Brexit is chance to halt ‘shameful’ live animal exports, say protesters

Credit: Compassion In World Farming

Twenty years ago this week, nearly 70,000 sheep perished when a ship carrying them caught fire in the Indian Ocean, in the world’s worst live exports disaster. Since then, little has changed for the millions of animals worldwide sent on grim journeys overseas - prompting thousands of people in at least 70 countries to lobby their governments, demanding a ban on the trade.

In the first ever global drive against long-distance live transport, campaigners from Canada to Kazakhstan, Israel to Argentina and Sierra Leone to Australia, called on their governments to halt animal exports and instead ship out carcasses.

In London, hundreds of people marched on Westminster to tell MPsthe vote for Brexit means the UK can and must introduce a ban.

Until now, MPs have argued that EU laws meant Britain was prevented from blocking the trade in cattle and sheep. At the last election, only Ukip and the Green Party argued for such a ban.
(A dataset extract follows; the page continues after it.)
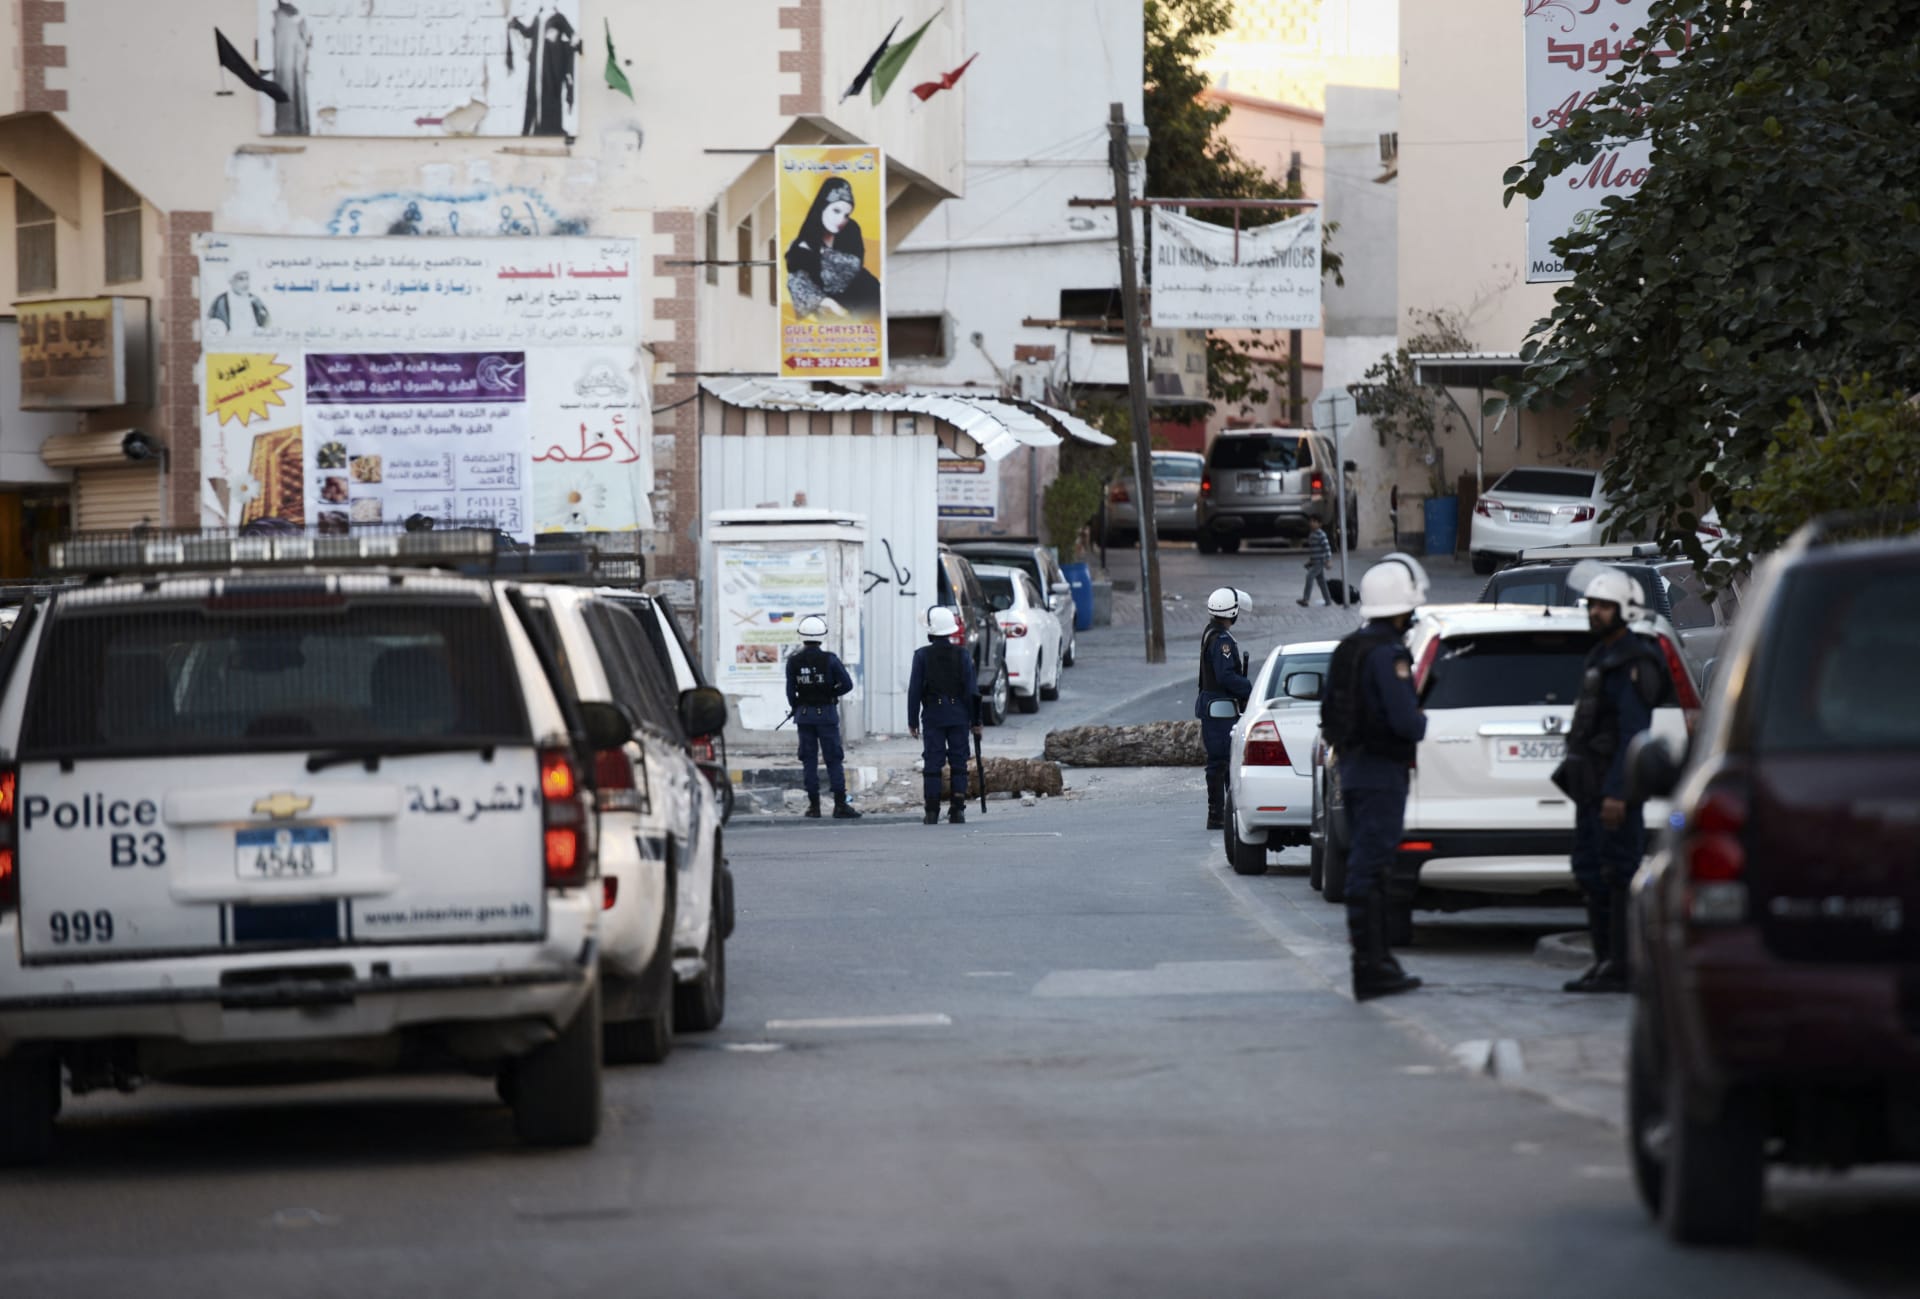 داخلية البحرين ترد بعد تداول فيديو لامرأة تزعم وقوع "مخالفات" بالقبض على ابنها

The campaigners say MPs must act because live exports are one of the world’s biggest causes of animal suffering, with cattle and sheep crammed onto vehicles with insufficient food and water, and so overcrowded that many animals are prevented from lying down; those that do risk being trampled to death.

Credit: Compassion In World Farming

Animal protectionists had hoped the Indian Ocean disaster in 1996 would mark a turning point in live exports. The cargo ship Uniceb, sailing from Australia to Jordan, burst into flames north of the Seychelles, forcing the crew to abandon ship. The cargo of 67,488 sheep crammed on board were abandoned to die of heat stroke, suffocation, burning or drowning. Since then, a series of other disasters at sea, largely unnoticed by the public, have led to the deaths of tens of thousands of animals.

Even on routine journeys that last for many hours or days, freezing temperatures or heatwave humidity combine with a lack of sustainance to leave animals dehydrated, weak with hunger and exhaustion, and vulnerable to infection. Death rates on lorries are high.

Numbers of such journeys from the UK have fallen in the past decade, but 30,000 are still sent abroad in such conditions each year, many to countries beyond Europe, where laws on welfare at slaughter are less strict or non-existent. Large numbers of British and European sheep and cattle go to north Africa and the Middle East, where they face ritual slaughter for religious festivals, such as the Islamic Eid festival. Slaughter without stunning is considered exceptionally cruel.

Philip Lymbery, chief executive of Compassion in World Farming, the British charity behind the day of action, told crowds at Westminster: “Who’d have thought we would drive the trade down from those appalling highs of 2.5 million animals every year to just tens of thousands? But that’s tens of thousands too many. We are not going away until this shameful, rotten, unnecessary, barbaric and cruel trade is brought to an end.”

Australia is the world’s largest exporter of live animals, trading about three million a year to the Middle East and south-east Asia. Protest rallies were staged in cities including Sydney, Fremantle, Adelaide, backed up by online campaigns in Singapore, Nepal and the Philippines.

Repeated investigations by animal-protection groups over several years have uncovered a host of breaches of welfare legislation, including animals being deprived of food and water and an absence of inspections by vets. Earlier this year, investigators found thousands of cattle, including unweaned calves, are transported thousands of miles from eastern Europe to Israel, Gaza and the Middle East, on rust-bucket vessels, from which animals killed by inhumane conditions are tossed overboard.

Organisers of the worldwide action - coordinated by 46 animal welfare groups globally - say animals should be slaughtered as close to home as possible, with live exports replaced by a trade in meat - “on the hook, not the hoof”.

Protesters at the march to Parliament - some in farm animal masks, carrying banners and placards - chanted and signed petitions.

Many joined in on social media, using the #notfreight hashtag.

Peter Egan, the actor who starred in Downton Abbey and Ever Decreasing Circles, made a short film as part of the anti-live exports campaign.

Celebrities including Evanna Lynch, star of the Harry Potter films, and Joanna Lumley, the actress, have previously joined campaigns against live exports from Britain.

Credit: Compassion In World Farming

Mr Lymbery said it’s cheaper for exporters to send meat abroad than carcasses but dealers - middlemen - make “pennies” at markets from selling live animals, and that importers are “stuck in a rut”. “We are giving business to continental abattoirs, so the trade is not just horribly cruel, we’re also sending jobs abroad. Middle Eastern countries have the idea that fresher meat is better, but with refrigerated lorries and ships, meat can be exported freshly, he added.

Ian Driver, a prominent campaigner from Ramsgate, Kent, the main port for UK live exports, said he defied anyone to see and smell the trucks crammed with sentient beings and not condemn the trade.

Compassion in World Farming also says ports should be allowed to refused live shipments without fear of prosecution, and that an 1847 law on harbours should be amended to enable this.

Supporters also called on European commissioners to ban live exports to countries outside the EU.